*** Information supplied ***
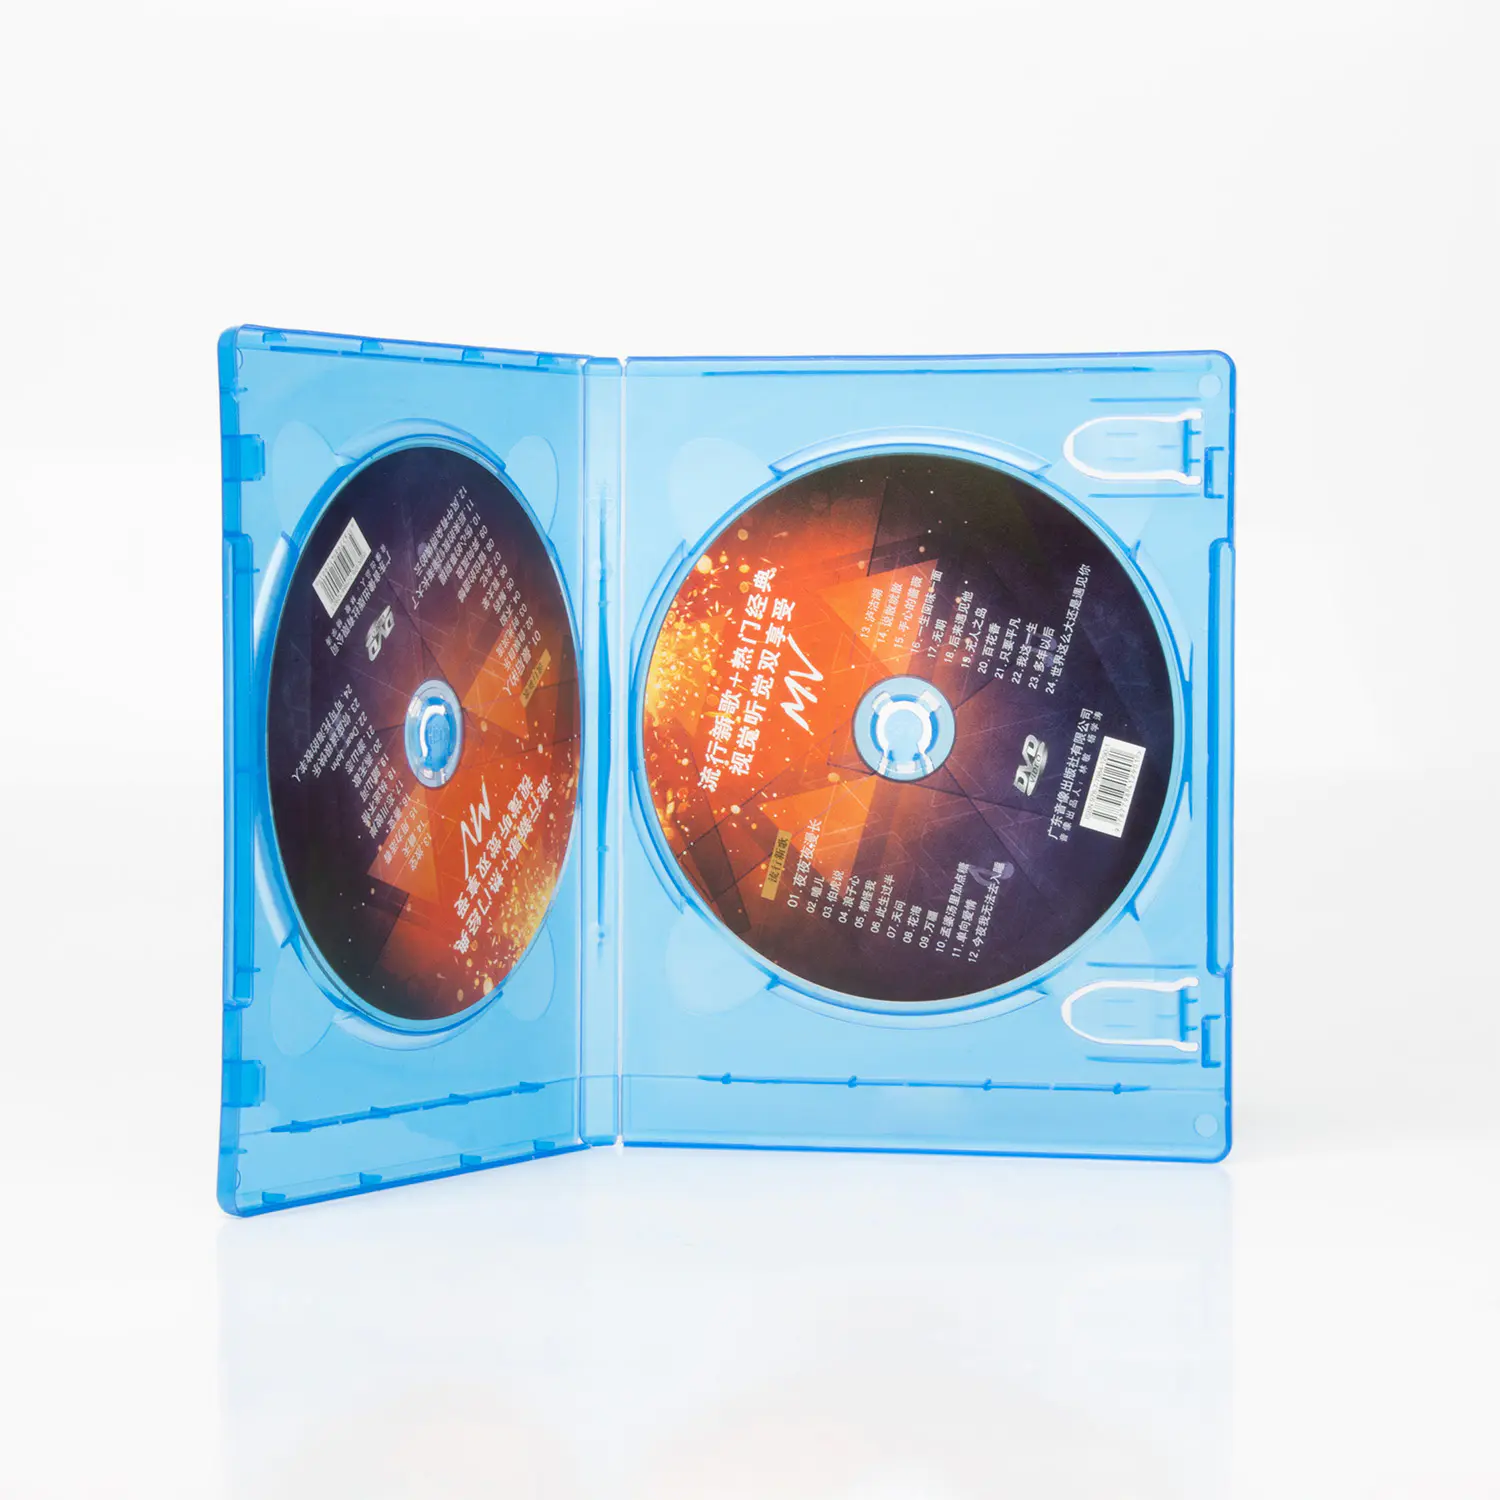 Double boîtier / boîtier de remplacement bleu standard vide pour les films sur disque Blu-ray
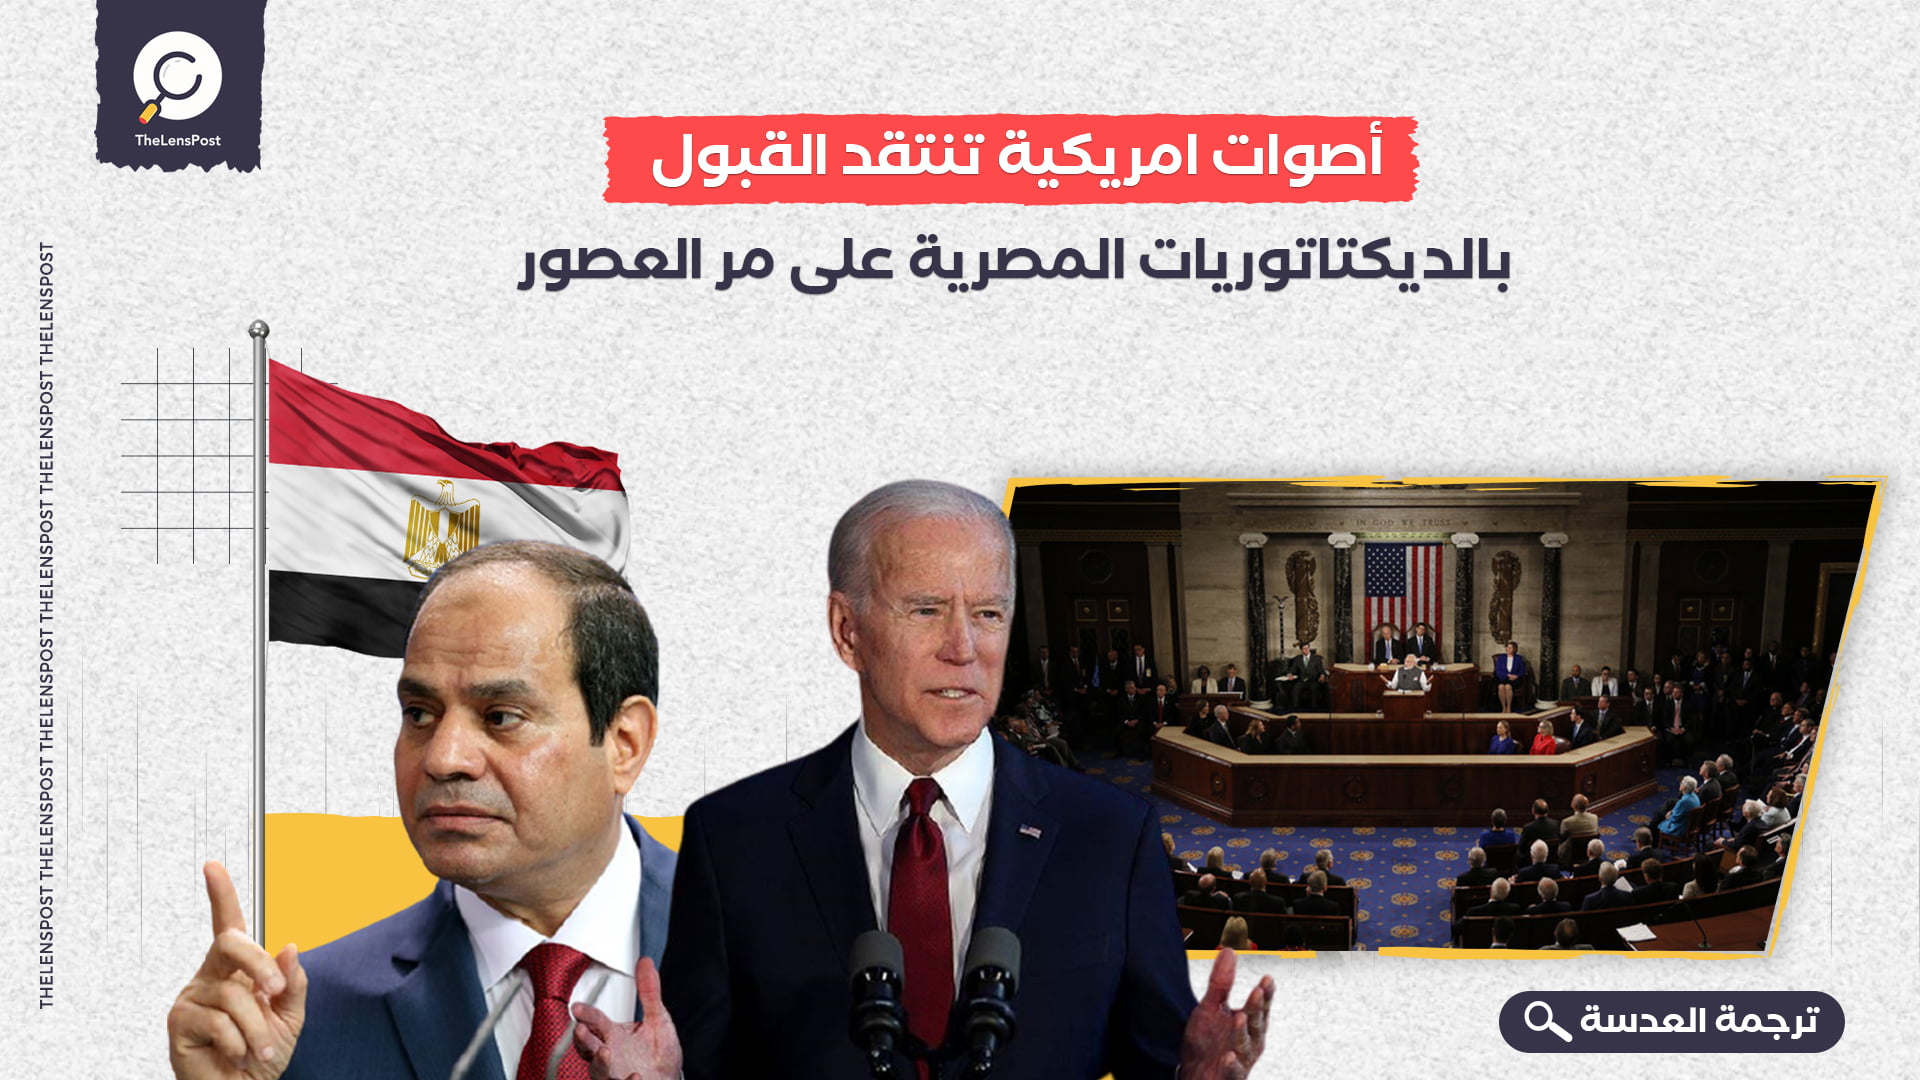 أصوات امريكية تنتقد القبول بالديكتاتوريات المصرية على مر العصور
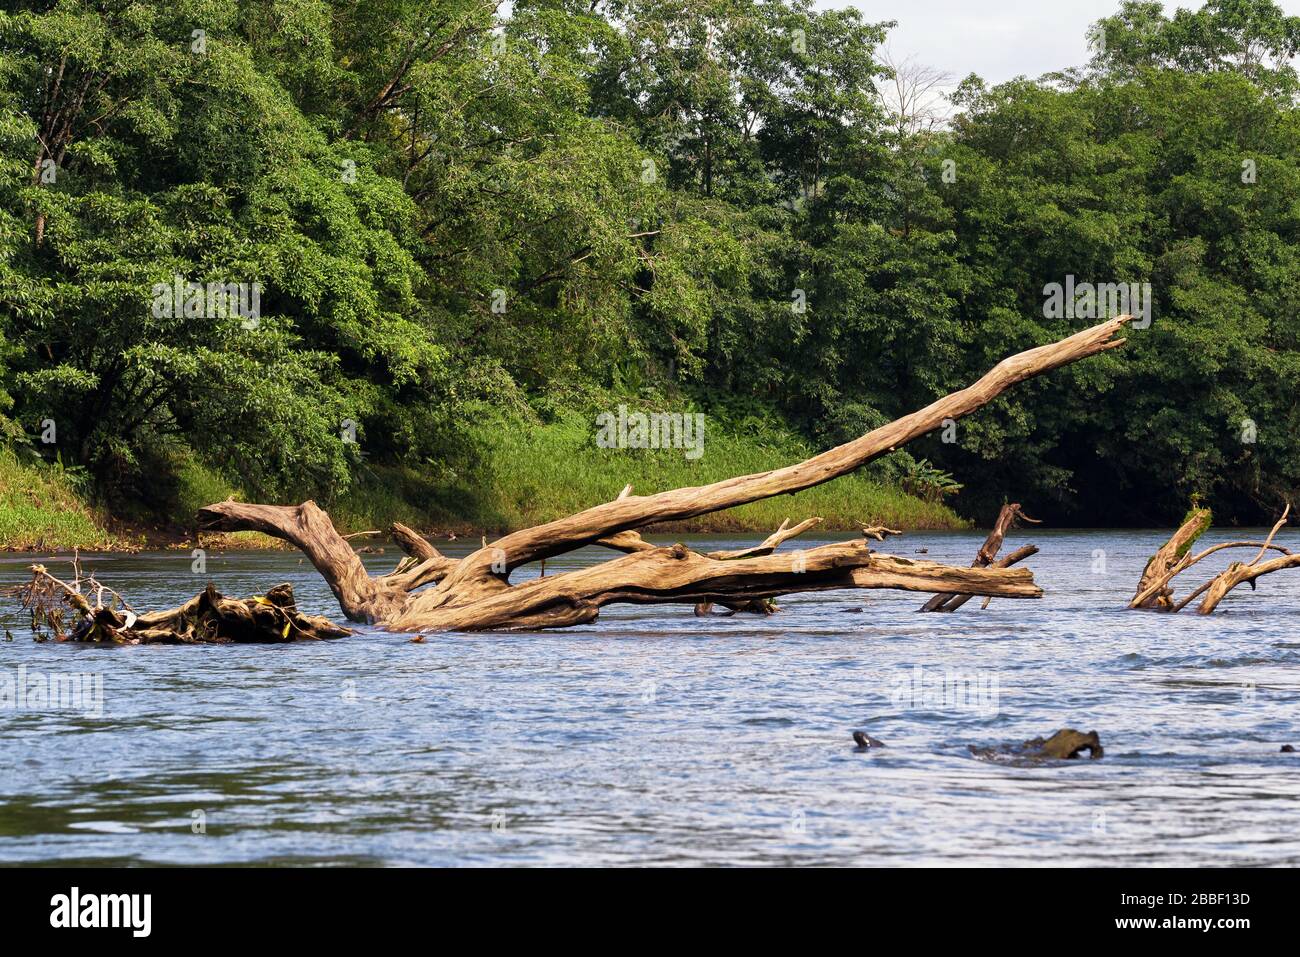 Toter Baum in der Mitte des Rio Sarapiqui Gewässer. Tropisches und wildes Flusslebensraumkonzept. Puerto Viejo de Sarapiqui, Costa Rica. Stockfoto
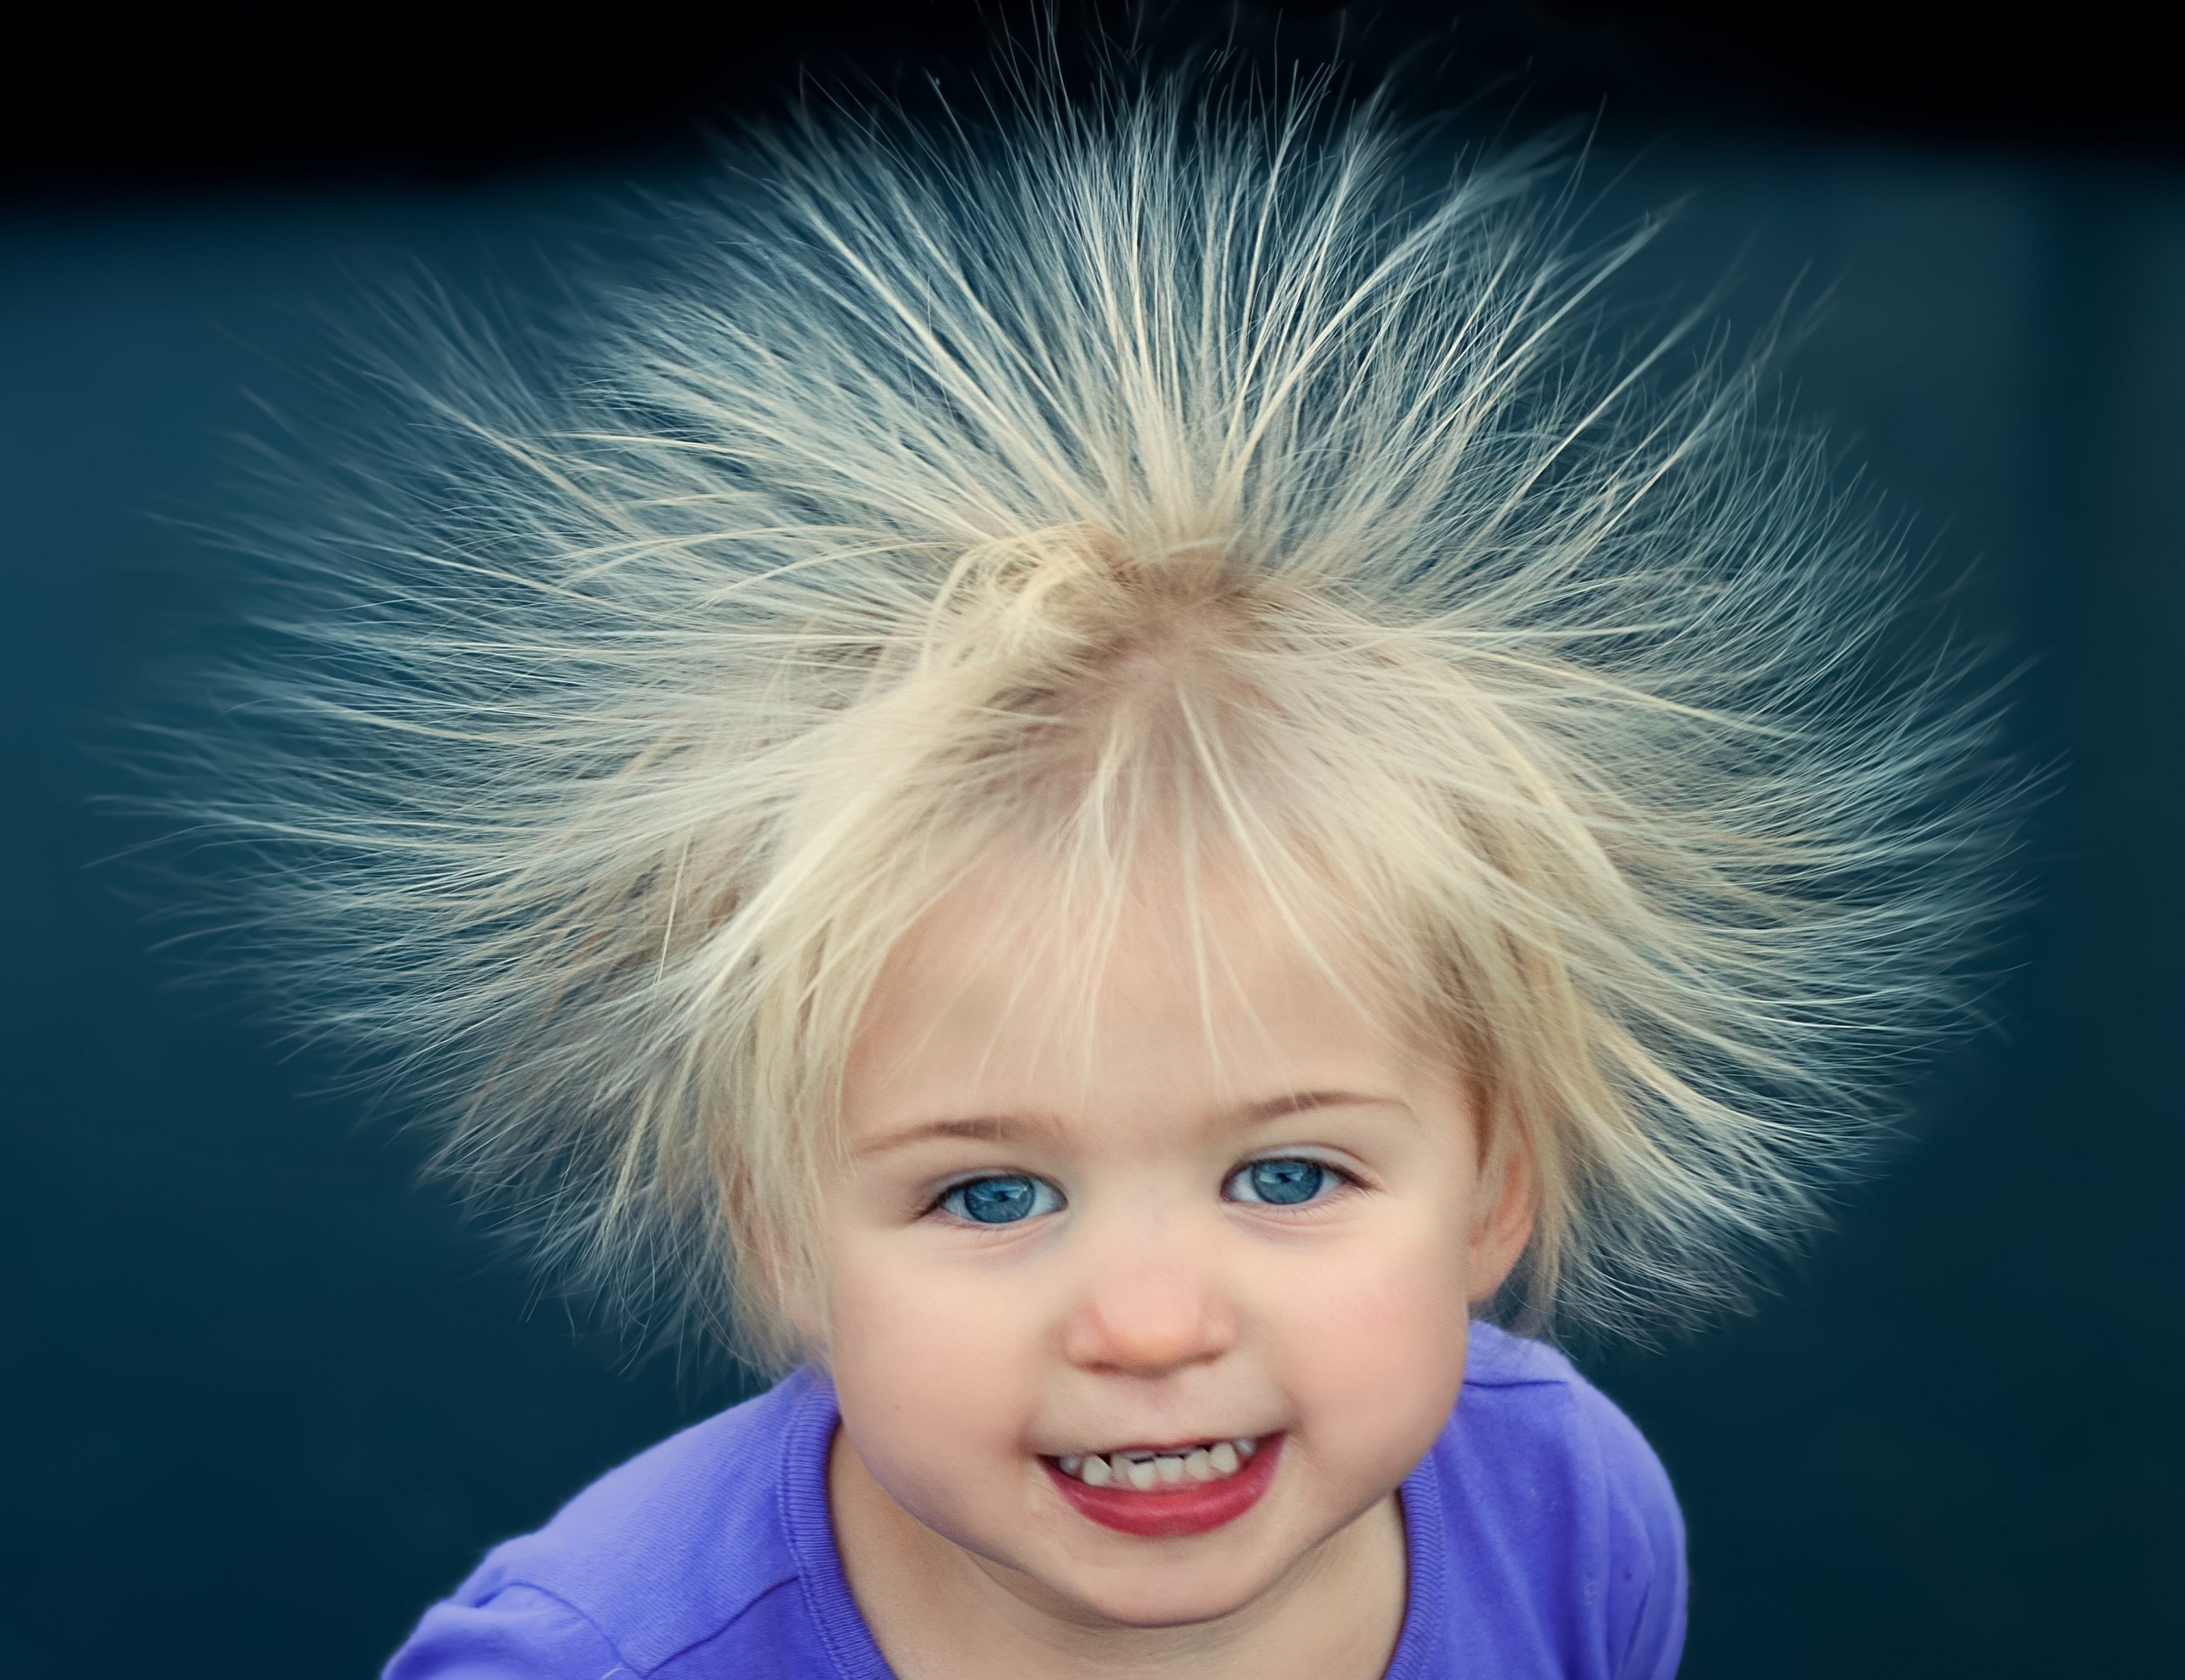 Волосы сильно электризуются. Девочка с наэлектризованными волосами. Волосы одуванчиком. Ребенок с взъерошенными волосами. Мальчик одуванчик.
*** End of Information supplied ***
**Prompt**
Print only the lines running from the line that contains "Toter Baum in" to the final line of the listing, both included. Omit every picture.

**Expected answer**
 Toter Baum in der Mitte des Rio Sarapiqui Gewässer. Tropisches und wildes Flusslebensraumkonzept. Puerto Viejo de Sarapiqui, Costa Rica. Stockfoto
 Волосы сильно электризуются. Девочка с наэлектризованными волосами. Волосы одуванчиком. Ребенок с взъерошенными волосами. Мальчик одуванчик.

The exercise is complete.